Apple has been negotiating with the studios, and they haven't been receptive. They like the current model, and are loathe to change. But so was the music industry, and Apple turned it on its head. Hopefully Apple will do the same thing again. In fact, it has to happen. Every survey and every news report says that broadcast TV is losing audience share to streaming video. Something has to give, and likely Apple will be the guy to figure out the way into the future. People know this, industry executives know this. And the ghost of Apple will be everywhere at CES as everyone tries to figure out what Apple has up its sleeve and what direction things will go in.

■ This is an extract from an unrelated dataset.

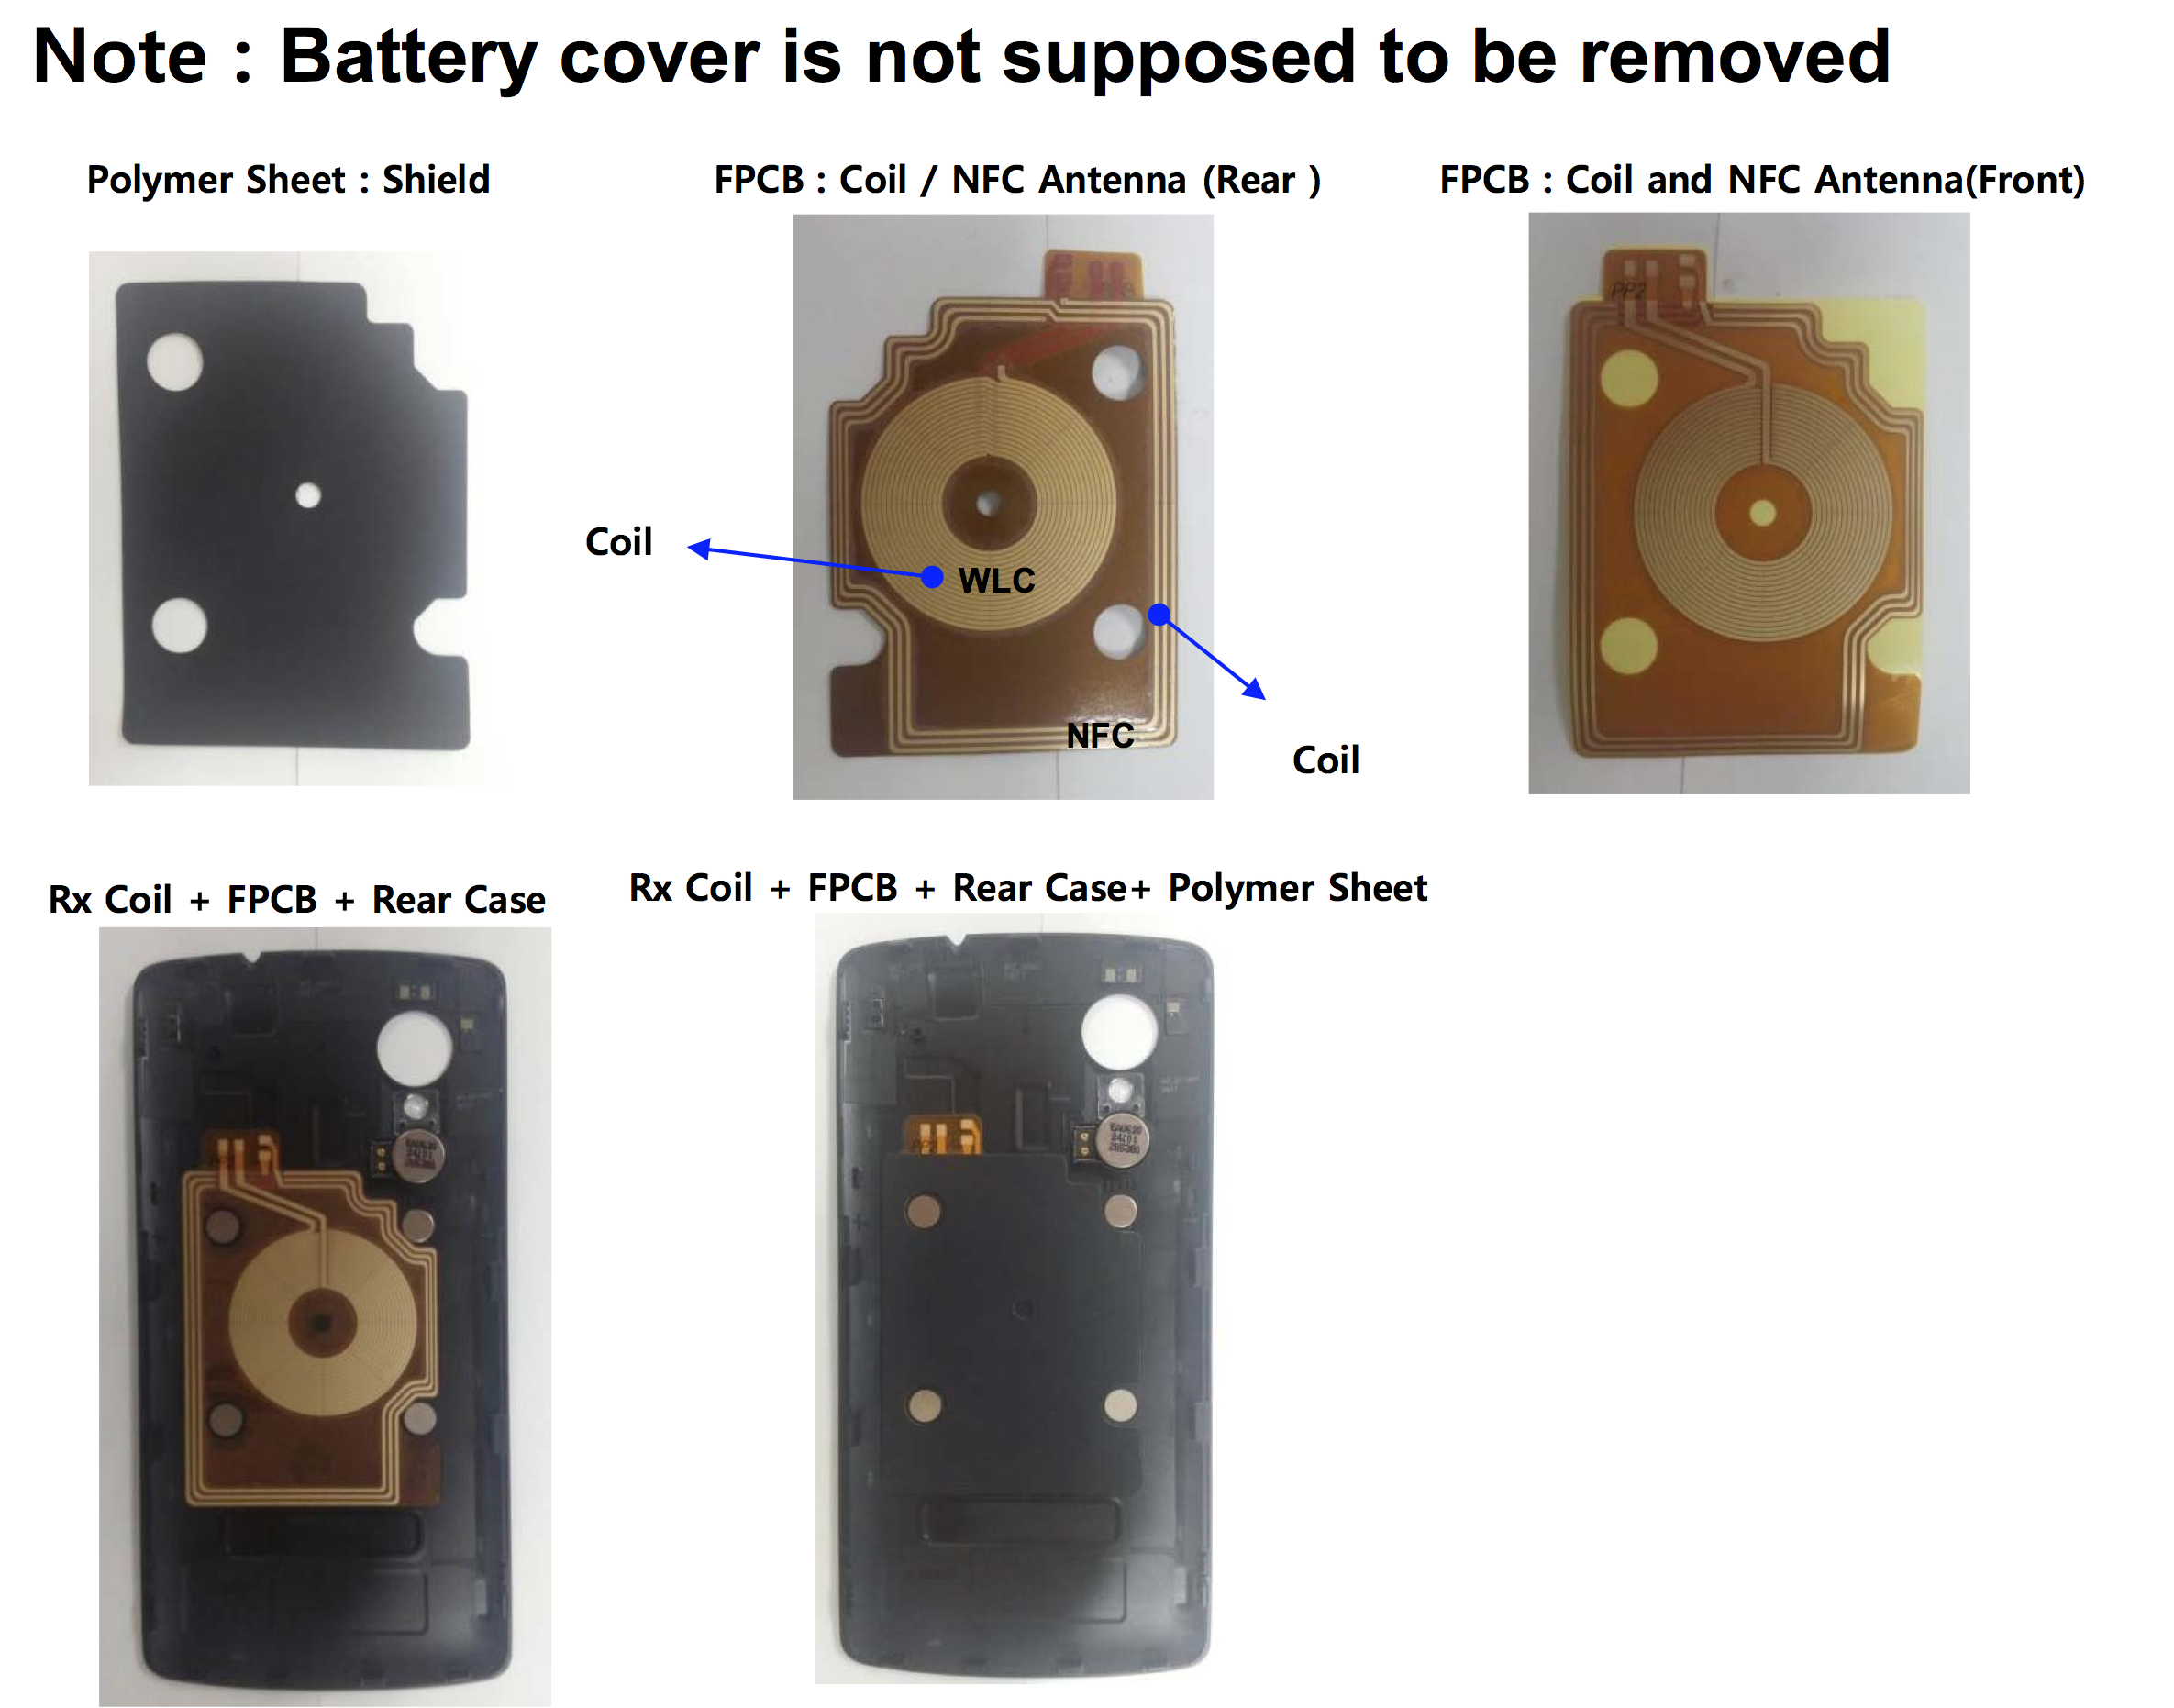 Potential Nexus 5 FCC Approval Reappears - LG-D820 (Update
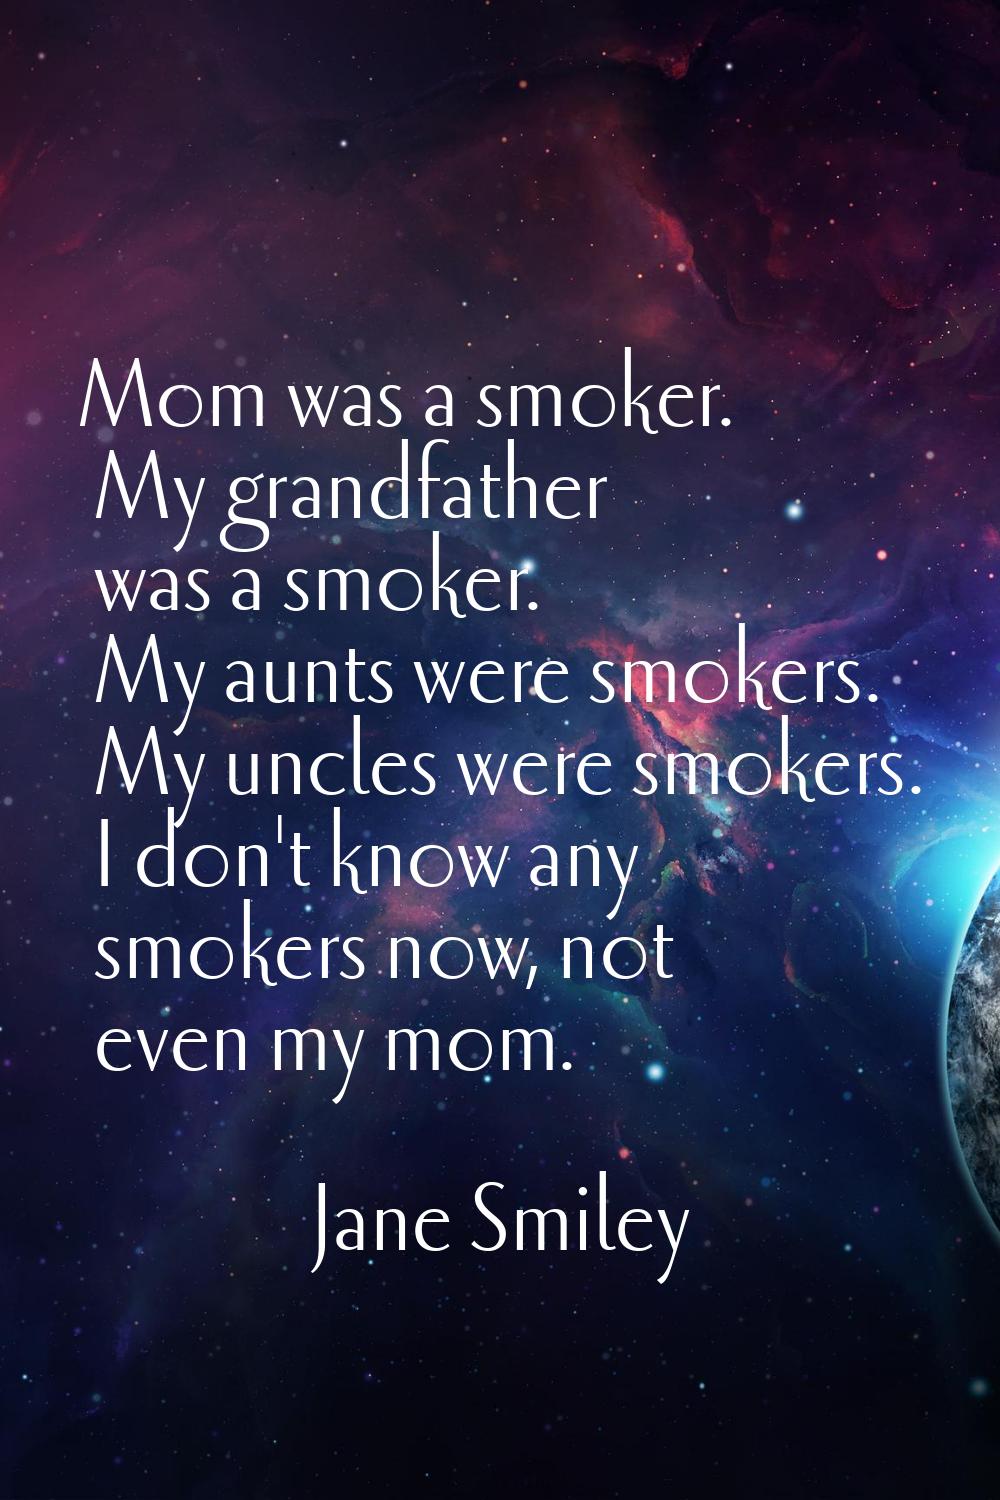 Mom was a smoker. My grandfather was a smoker. My aunts were smokers. My uncles were smokers. I don

So how far along is Apple in the process of actually manufacturing a TV? Well, according to AppleInsider, which cites DigiTimes, Apple will be finalizing the hardware standards for its new TV by the end of the second quarter of this year (June), after which it will then place its orders with component suppliers. The manufacturer is expected to be Foxconn, which already makes many of Apple's offerings.

Rumors continue to circulate that there will be three sizes: 32, 37, and 52 inches. Likely there will be Siri-like voice control. Certainly it will be a connected, smart TV. And possibly you'll be able to subscribe to a menu of content, just as you do with cable TV.

It's going to be fun to watch this unfold. And in the meantime, it will be interesting to see what takes shape at CES next week.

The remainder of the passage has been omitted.